Let’s run a linear regression model for median salary and school types
summary(lm(formula = start_med_slry ~ school_type, data=df_col))##
## Call:
## lm(formula = start_med_slry ~ school_type, data = df_col)
##
## Residuals:
## Min 1Q Median 3Q Max
## -12857.9 -3026.3 -526.3 2373.7 16442.1
##
## Coefficients:
## Estimate Std. Error t value Pr(>|t|)
## (Intercept) 59058 1046 56.466 <2e-16 ***
## school_typeIvy League 1417 1921 0.738 0.461
## school_typeLiberal Arts -13311 1239 -10.740 <2e-16 ***
## school_typeParty -13343 1460 -9.136 <2e-16 ***
## school_typeState -14932 1101 -13.559 <2e-16 ***
## ---
## Signif. codes: 0 '***' 0.001 '**' 0.01 '*' 0.05 '.' 0.1 ' ' 1
##
## Residual standard error: 4559 on 264 degrees of freedom
## Multiple R-squared: 0.5021, Adjusted R-squared: 0.4946
## F-statistic: 66.56 on 4 and 264 DF, p-value: < 2.2e-16
The intercept represents the starting salary at $59,058. The estimate predict from Ivy school will increse $1,417 , others type of schools will have a negative affect to the salary.
Top 10 schools by median starting salary
df_start_top10 <- df_col %>%
select(school_name, school_type, start_med_slry) %>%
arrange(desc(start_med_slry)) %>%
top_n(10)
ggplot(df_start_top10, aes(reorder(school_name, start_med_slry), start_med_slry,fill = school_type)) +
geom_col(alpha = 0.8) +
geom_text(aes(label = start_med_slry), hjust = 1.1, color = 'gray30') +
xlab(NULL) +
coord_flip()In the top 10 list, we can see engineering and ivy league have the highest median salary in starting salary.

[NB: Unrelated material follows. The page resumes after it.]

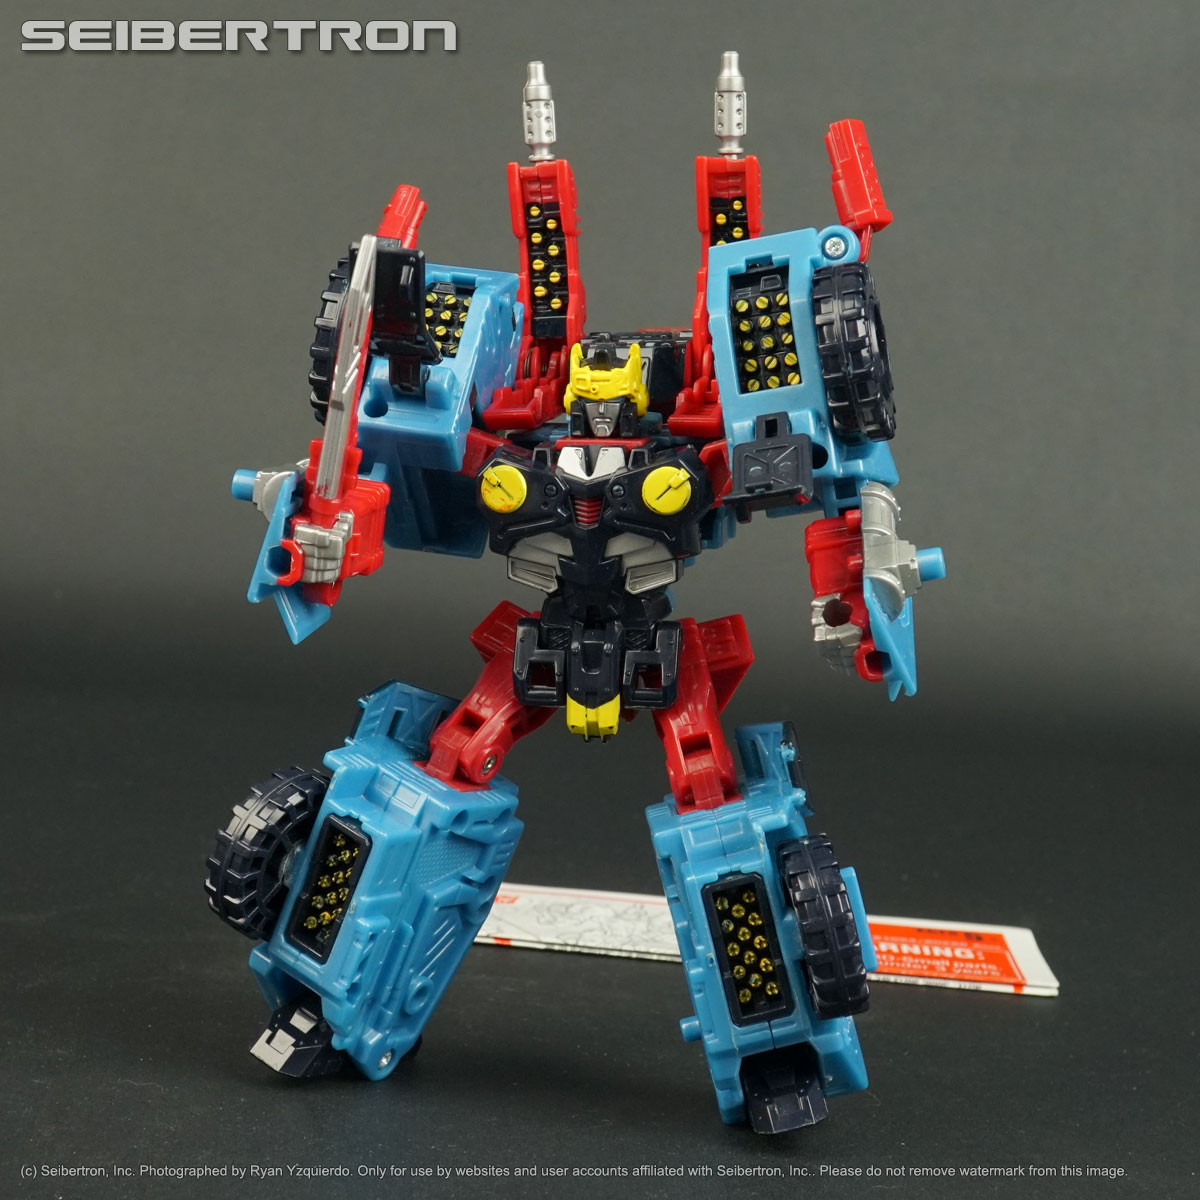 CYBERTRON DEFENSE HOT SHOT Transformers Cybertron deluxe complete + d1o4 key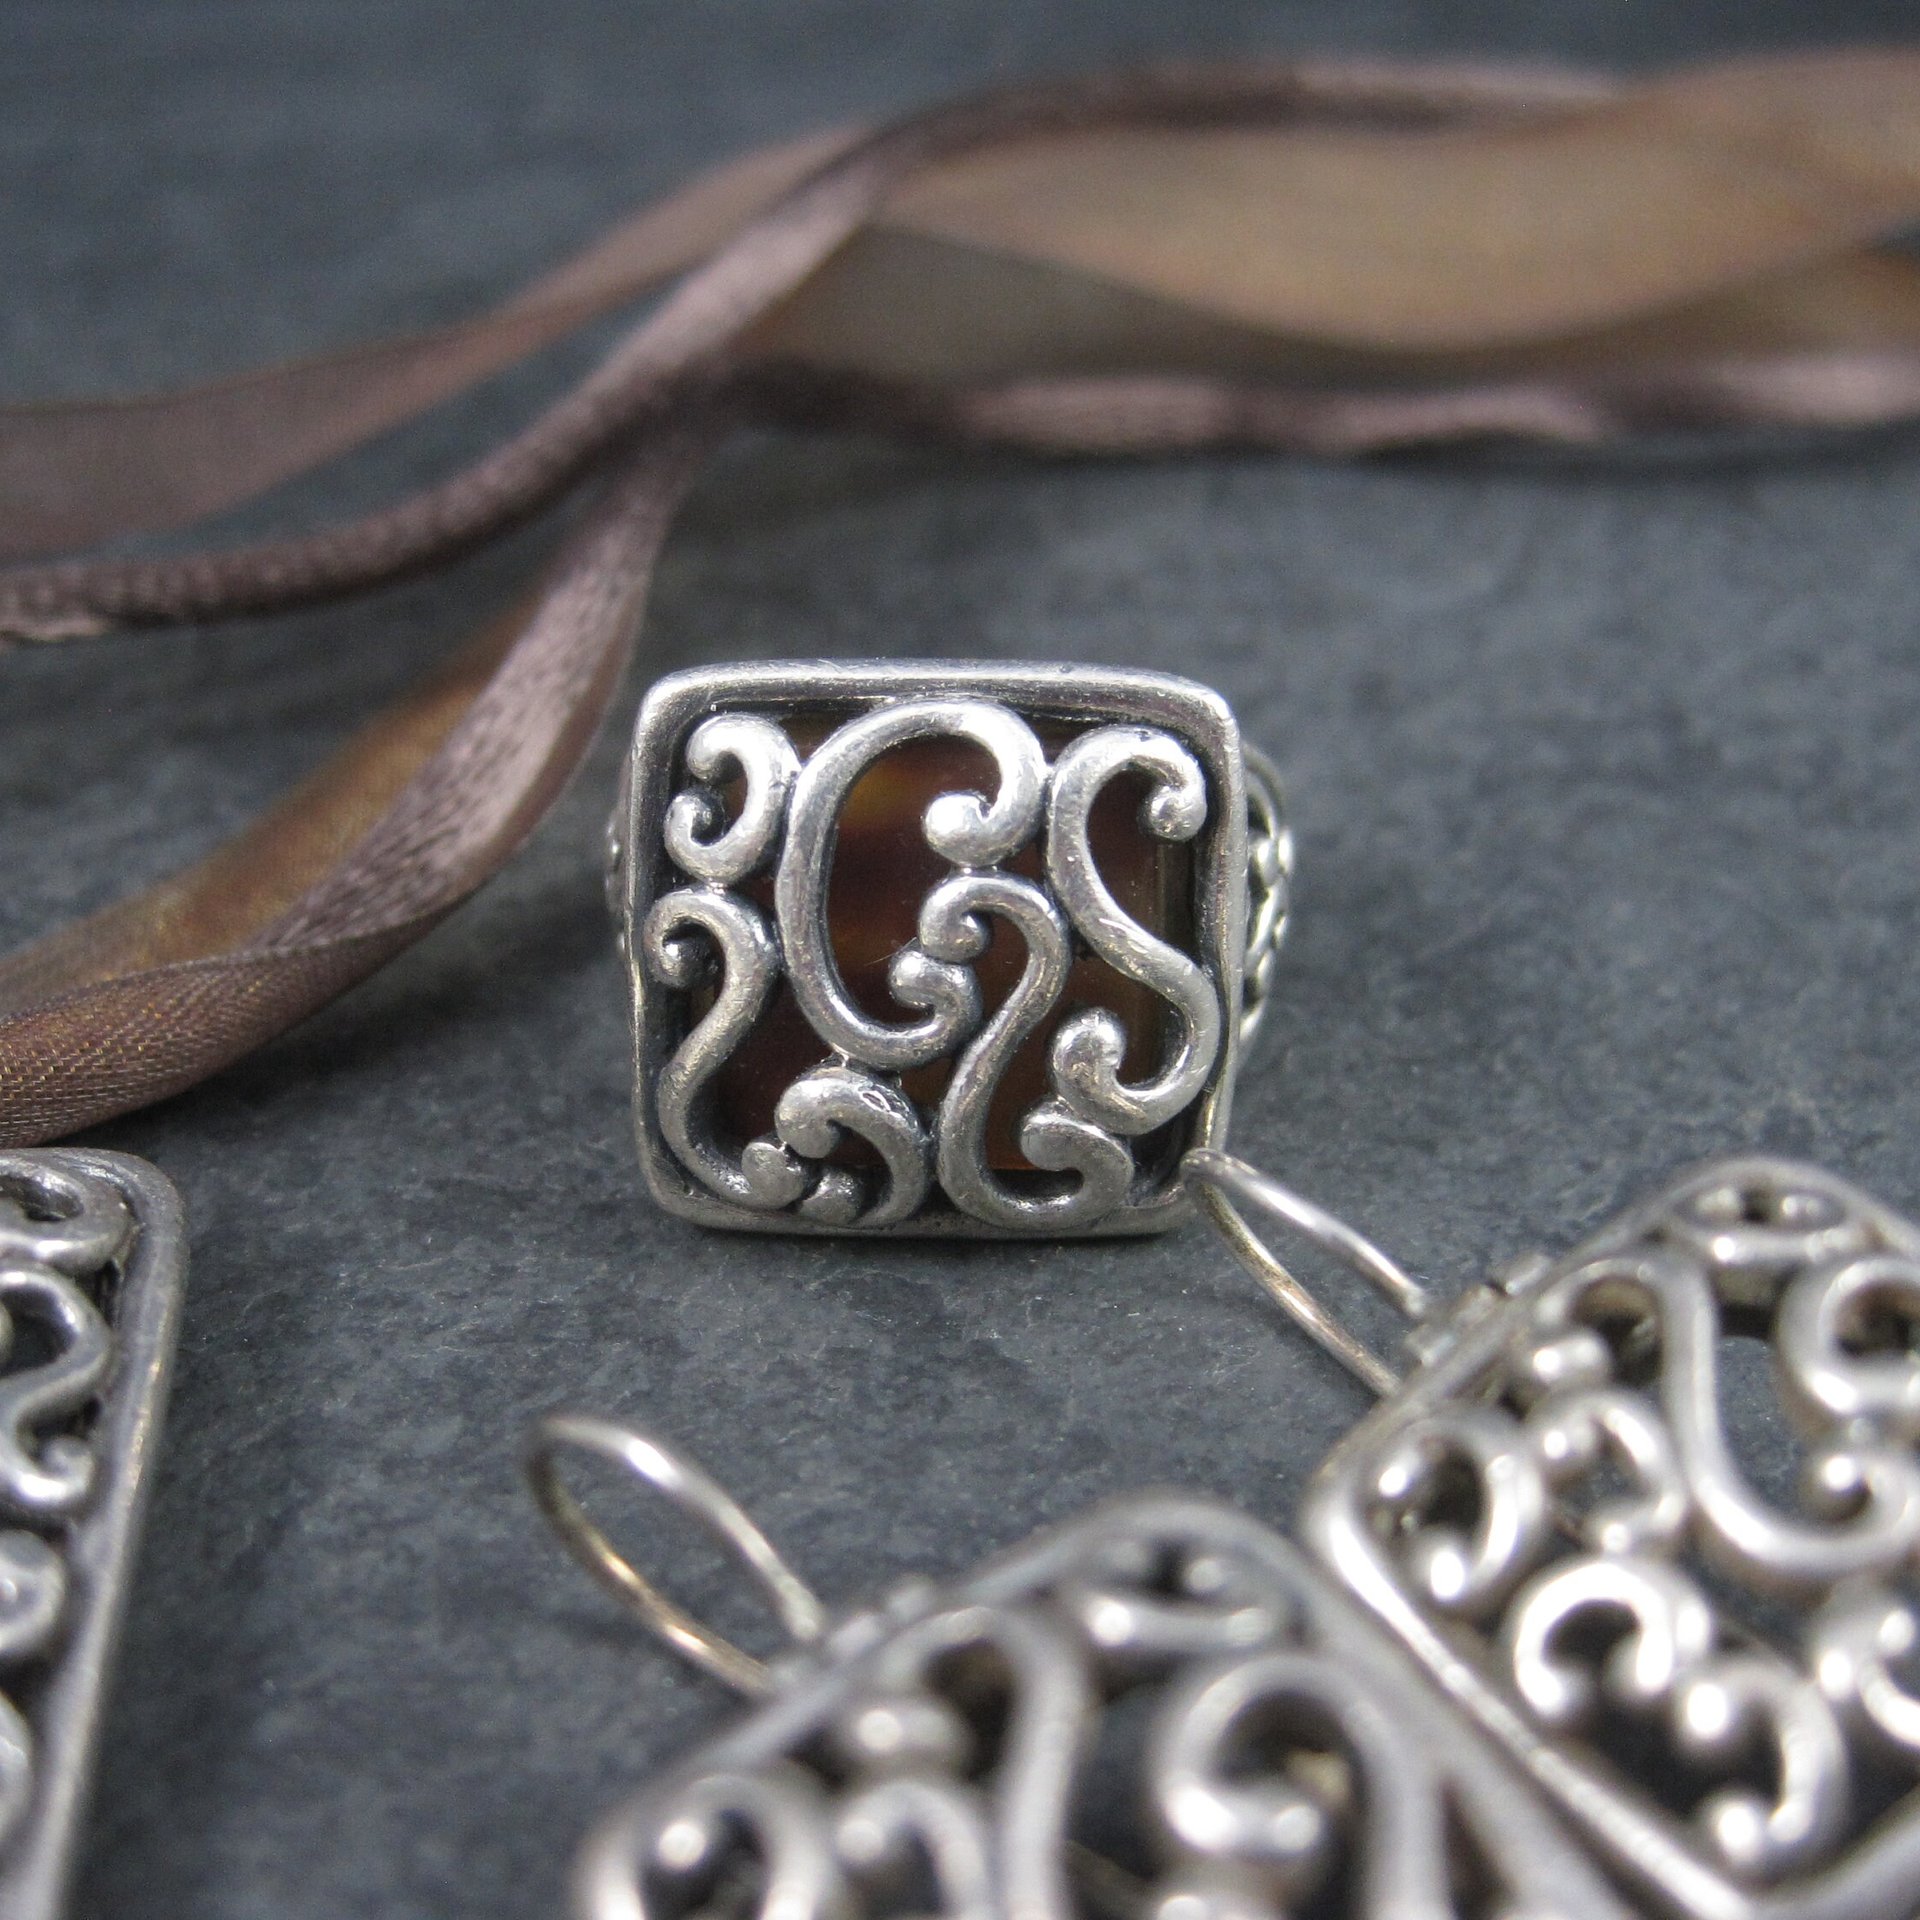 Vintage 90s Filigree Jewelry Set Sterling Necklace Earrings Ring Size 7

ggplot(df_deg, aes(x = reorder(major, start_med_slry), start_med_slry)) +
geom_col(fill = "blue", alpha = 0.5) +
geom_col(aes(x = reorder(major, mid_car_slry), mid_car_slry), alpha = 0.2) +
geom_text(aes(label = start_med_slry), size = 3, hjust = 1.1) +
xlab(NULL) +
coord_flip() +
ggtitle("Starting Salary by Majors") From the plot above, we can see that Physician has the highest median starting salaries. In the top ten highest median starting salaries, most of them are engineering and computer science related majors.
ggplot(df_deg, aes(x = reorder(major, mid_car_slry), mid_car_slry)) +
geom_col(fill = 'pink',alpha = 0.5) +
geom_col(aes(x = reorder(major, mid_car_slry), start_med_slry), alpha = 0.4) +
geom_text(aes(label = mid_car_slry), size = 3, hjust = 1.1) +
scale_fill_manual(values = c('blue', 'pink')) +
xlab(NULL) +
coord_flip() +
ggtitle("Mid-career Salary by Major")From the plot above, we can see that all of the majors have highest median starting salaries have high salaries in mid-career.
Chosing which colleges to attend and career choices are always a difficult decison, we should consider many factors including post-graduate salary. We found out that salaries differed a lot by school type and degree, but not much by location. Based on our study, studuents graduated in STEM major from Ivy or Engineering schools located in California or Northeast have the highest salary.